R (MN) v MHRT [2008] EWHC 3383 (Admin)
Tribunal application made under s70 when patient subject to s47/49 (restricted transfer direction) lapses when s49 (restriction direction) lapses; to avoid delay, the application can be treated as if it were an application under s69(2)(a).
Judgment
The following are very rough notes of the extempore judgment. They will will be removed once the transcript is available, or improved upon if that takes ages.
N, a patient under the MHA 1983 applies to review a decision of the MHRT on 28/6/07. His application was made to MHRT when he was detained under s47/49. MHRT decided his application ceased to have effect when he ceased to be restricted patient.
A question of interpretation of several sections, including s70. s70 allows application to MHRT in each year, but in first year application can only be in second six months because at hearing when made restricted patient judge heard psychiatric evidence.
Position of NM not uncommon. Operative part of sentence expired, so ceased to be restricted patient.
Question is whether appeal made under s70 remains in force (when patient ceases to be restricted patient).
Mr Southey submits it must. Even if as is practice of MHRT, s70 application treated as converted to s69(2) (application by non-restricted patient). Result is patient loses one periodical right to apply and may be faced with application treated as live if prefer it it weren't.
In order to understand s70, need to look at scheme of Act generally.
s41(5).
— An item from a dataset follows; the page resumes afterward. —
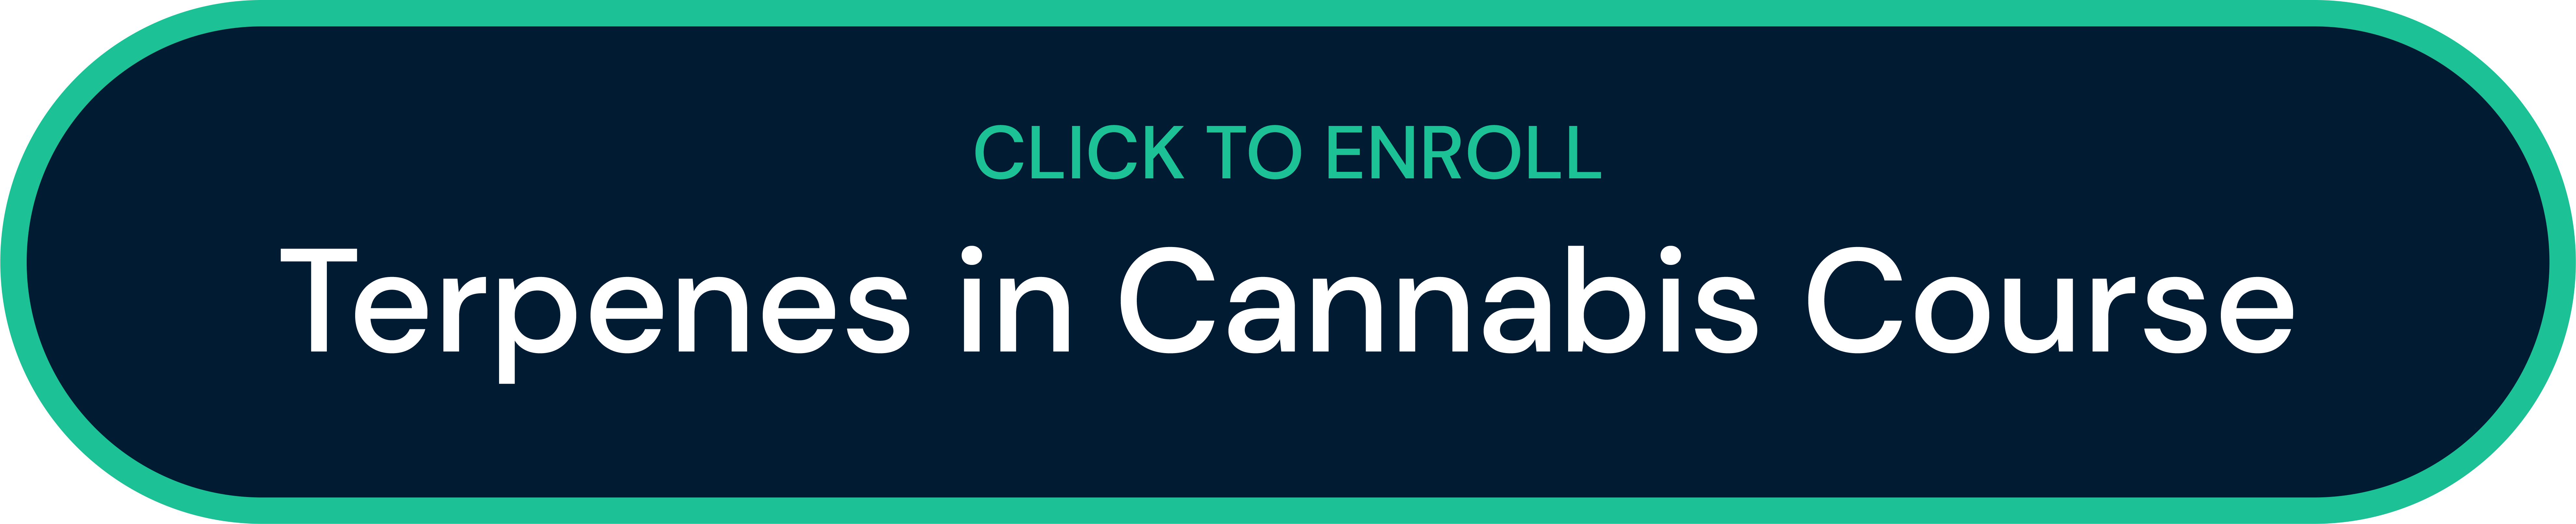 Enroll for free in the Terpenes in Cannabis Course.

Restriction order ceases. Hospital order remains in force. s40 & sch1 pt1 apply as if hospital order made on that date. Termination of restriction order, patient treated as though ordinary hospital order (without restrictions) on date restriction order ceased.
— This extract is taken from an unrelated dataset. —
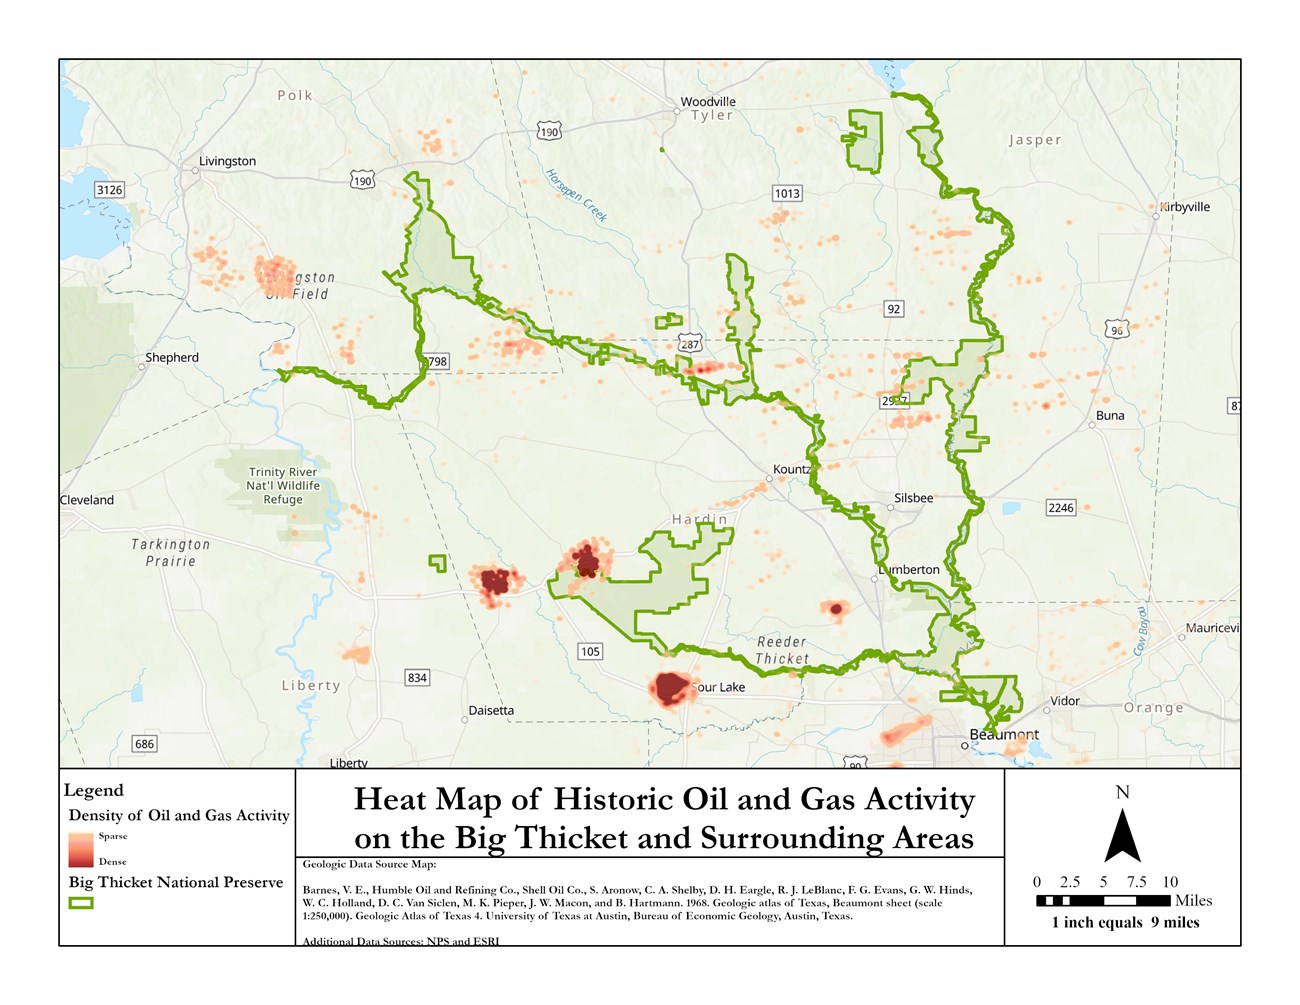 map of the density of oil and gas activity in the big thicket region. dark red indicates higher density of activity.

Miss Dimitriou for defendant makes three submissions.
1. Since patient's RO deemed to have ceased, application made under s70 also lapses, because s70 applications are made by restricted patients (by definition) (see s79).
2. Regime of restricted patients is different to that of non-restricted patients. Statutory scheme does not envisage floating from one to another. Application under s70 - can only (first) apply 6-12 months from HO. Contrast with claimant - by HO under s41(5) (notional/deemed HO) - right to apply within first six months as if non-restricted patient.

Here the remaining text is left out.